Guest: …I want the season pass then. At least then I only have to pay once.

She then proceeds to purchase four of the most expensive of the three types of season passes that the park offers. So instead of storming off in a huff like I expected, she spent more money after ranting about the high prices.

Guest: Thank you!

Me: [I wave absently] [to my coworker, I say]: did that just happen?

Coworker: I’m just as surprised as you are.

Child’s Play And Slay

| PA, USA | Bizarre, Family & Kids

(At an interactive show meant primarily for little kids, the show follows the good guys tracking a bad guy. Near the end, they catch the bad guy and ask the audience what they should do next. This gets the kids excited to chime in. All of the kids here are under 10 years old.)

Announcer: “Okay, kids! What should we do with the bad guy now?”

Girl: “Tell his mommy!”

Announcer: “Okay, let’s tell his mommy on him! What else?”

Boy #1: “Kill him!”

Announcer: “What?!”

Boy #2: “EAT HIM!”

Announcer: “Okay, we are DEFINITELY not eating him. That’s illegal.”

Boy #3: “SET HIM ON FIRE!”

Announcer: “What do your parents let you watch?!”

No ID, No Idea, Part 17

| NC, USA | At The Checkout, Extra Stupid

(I’m working at one of the places in the park that sells alcohol and it is required that I card every single person no matter how old they are. A customer who is clearly older has come up wishing to purchase a beer but doesn’t have her ID and my supervisor is standing next to me.)

Me: “I’m sorry, ma’am, but without your ID I can’t sell to you.”

Supervisor: “Unfortunately, she’s right. It doesn’t matter how old someone is. I saw a guy that had to have been at least seventy trying to purchase beer and I still had to card him.”

Customer: “I guess I’ll just come back with my ID.”

(The customer returns a few minutes later.)

Customer: “Your supervisor’s gone. Can you just pretend like you’re looking at something?”

(The customer then proceeds to hand me a football card.)
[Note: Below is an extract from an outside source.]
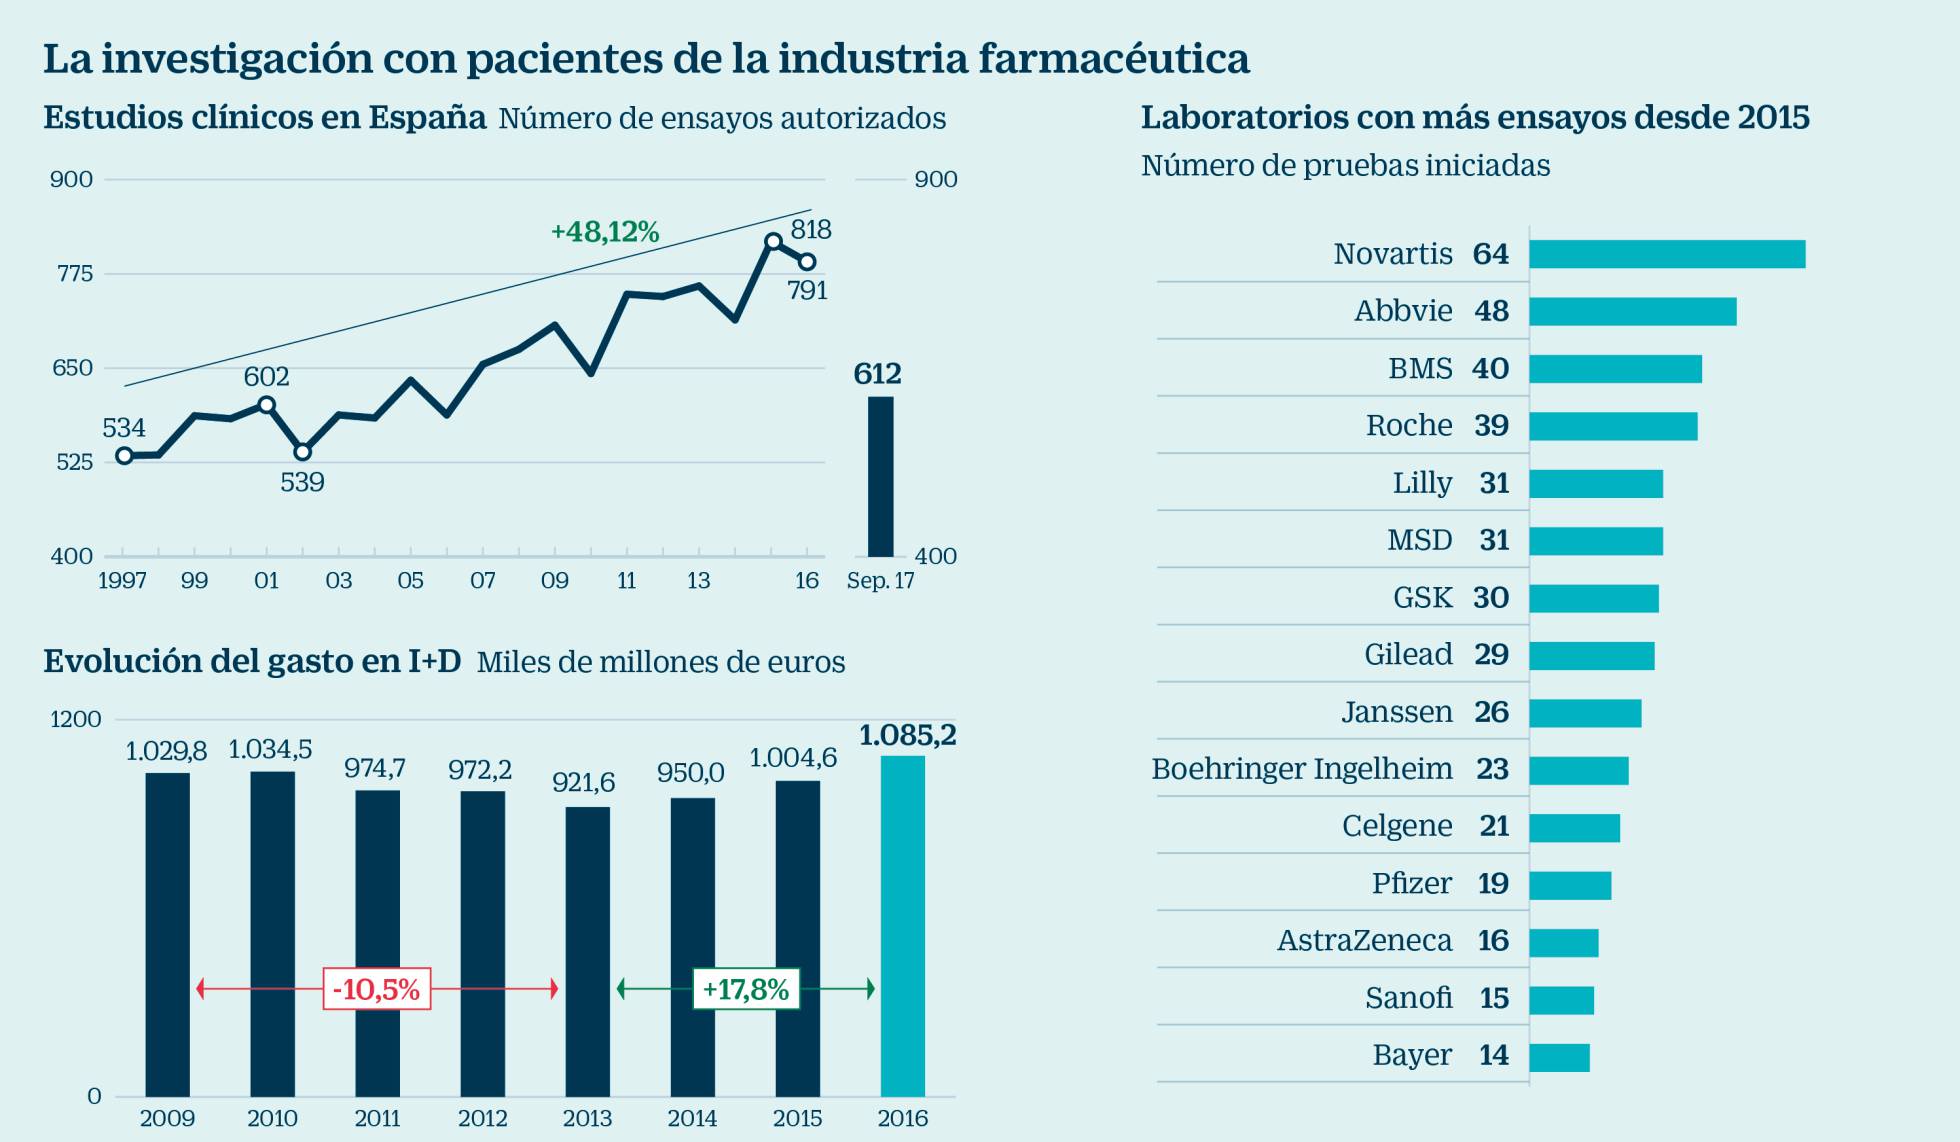 LA INDUSTRIA FARMACÉUTICA CONVIERTE A ESPAÑA EN UNA POTENCIA EN ENSAYOS CLÍNICOS

Me: “Ma’am, your ID has to be state issued…”

No ID, No Idea, Part 16
No ID, No Idea, Part 15
No ID, No Idea, Part 14

A Dragon Cannot Be Killed By Fire Or Bad Parenting

| Sandusky, OH, USA | Bad Behavior, Family & Kids

(I work at a popular amusement park. A family with children comes in with their children. There are two boys and two girls in a toy gift store.)
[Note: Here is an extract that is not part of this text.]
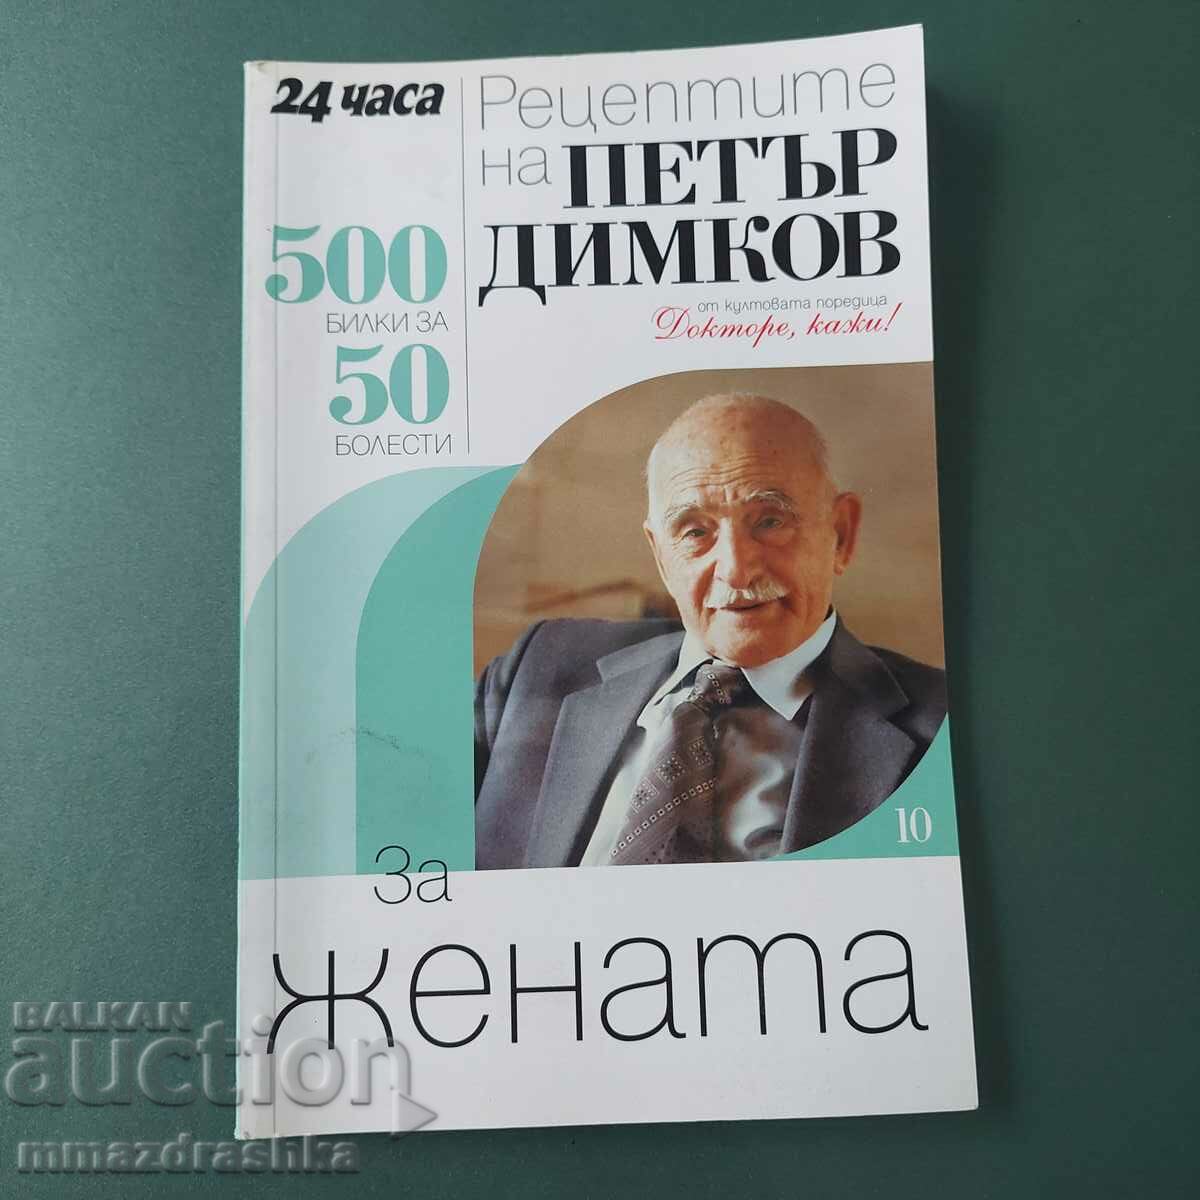 500 рецепти за жената, Петър Димков

Mother: “Okay, you guys can pick one toy each!”

(The one daughter picks a very pink and fluffy stuffed animal, while the boys pick a toy bow and arrow. The youngest girl picks a stuffed dragon.)

Me: “Oh, cool, a dragon!”

Little Girl: *holds up dragon* “Raawwwr!”

Me: “Oh, scary!”

Mother: *pulls dragon out of her hands* “Oh no, sweetheart! Dragons are not for sweet little girls!”

(The mother then shows the little girl a more girly toy and everything pink. Next the little girl picks up a green dog.)

Mother: “No! Little girls like pink! If you don’t get anything pink or girly you can’t get anything at all.”

(The little girl starts crying and then the mother pays for the toys of her other siblings.)

Mother: *to me* “One of these days she will learn her place. Only gay girls like those kind of toys she picked out. I am trying to get her more girly and into pink so she can be straight.”

Me: *stunned silence*

Listening Is The Ticket

| NH, USA | Crazy Requests, Money, Theme Of The Month

(I work at a family amusement park in New Hampshire, where gambling is illegal. We have a fake casino amongst our arcades, but it gives out tickets, not money.)

Guest: “How do I buy these prizes?”

Me: “You have to win tickets from the machine and use them to purchase the prizes.”

Guest: “I can’t just buy them?”

Me: “No, sorry. Game prizes are not for sale.”

(A little later…)

Guest: “I played all these games and I got tickets instead of money! You said I’d get money! Where is my money, you b****?”

Me: “I’m sorry if there was a miscommunication, sir. I said you’d get tickets and that you could use them to get prizes.”

Guest: “Is this a f****** joke?!”

(He threw the tickets in my face, spit on the floor, and stormed out, dragging his very young son after him, who had seen and experienced this whole tantrum.)